== INPUT DATA ==

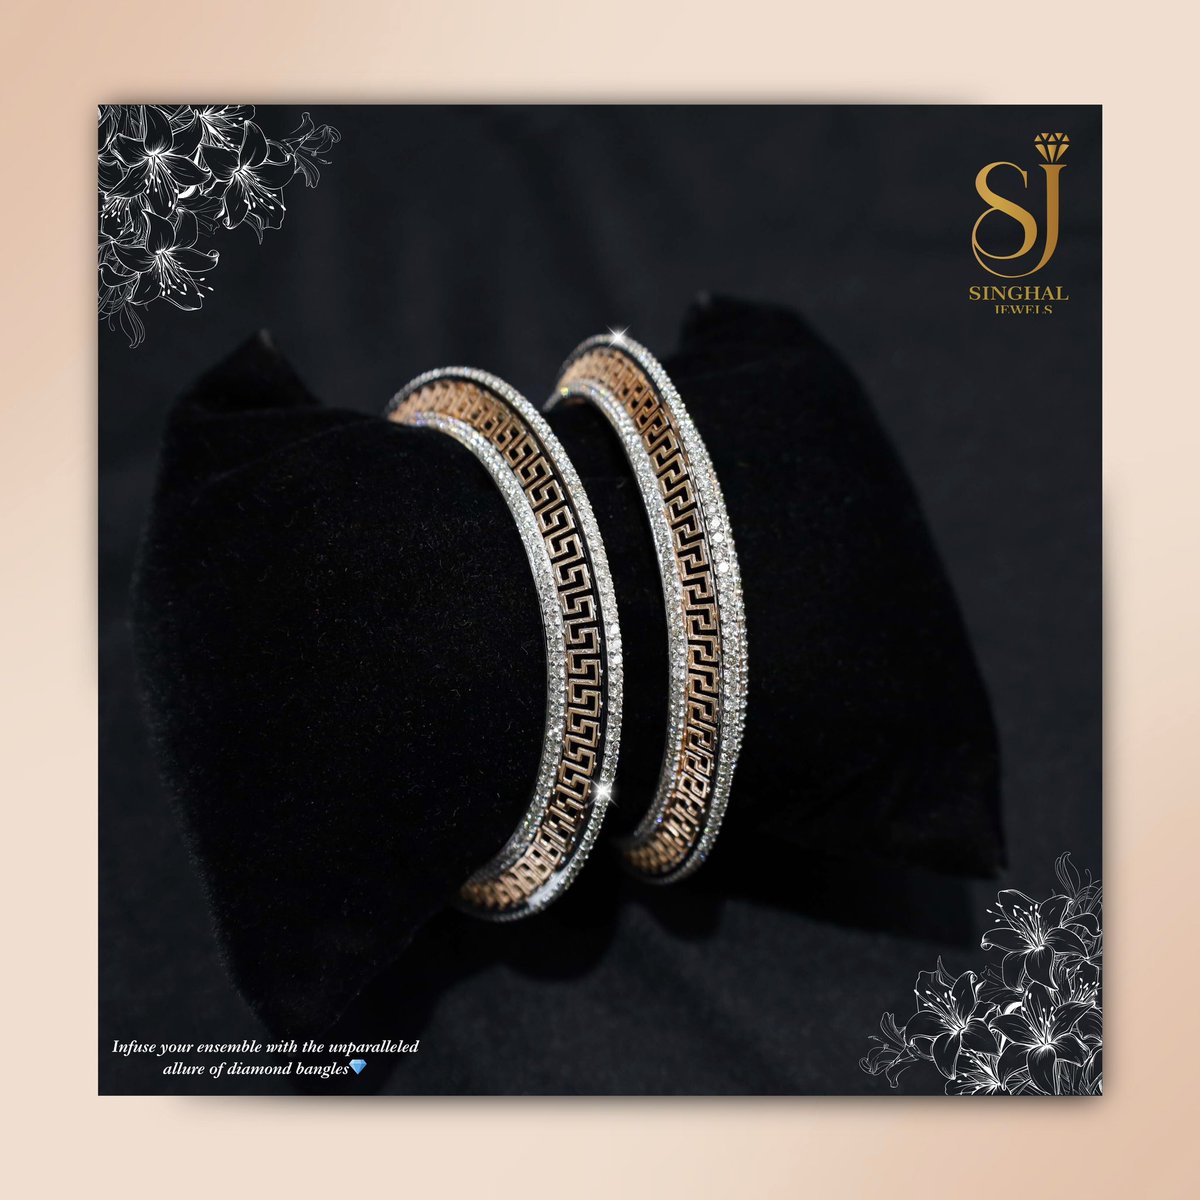 Infuse your ensemble with the unparalleled allure of diamond bangles💎
.
.
#trending #viral #tweet #x #diamonds #diamondjewelry #bangles #jewels #singhal #luxury #women #fashionstyle #diamondbangle #sj #jewellerydesign #love #diamondlover #loveisdiamond

===

Restate the data above word for word, so that the only difference is the missing pictures.

 Infuse your ensemble with the unparalleled allure of diamond bangles💎
.
.
#trending #viral #tweet #x #diamonds #diamondjewelry #bangles #jewels #singhal #luxury #women #fashionstyle #diamondbangle #sj #jewellerydesign #love #diamondlover #loveisdiamond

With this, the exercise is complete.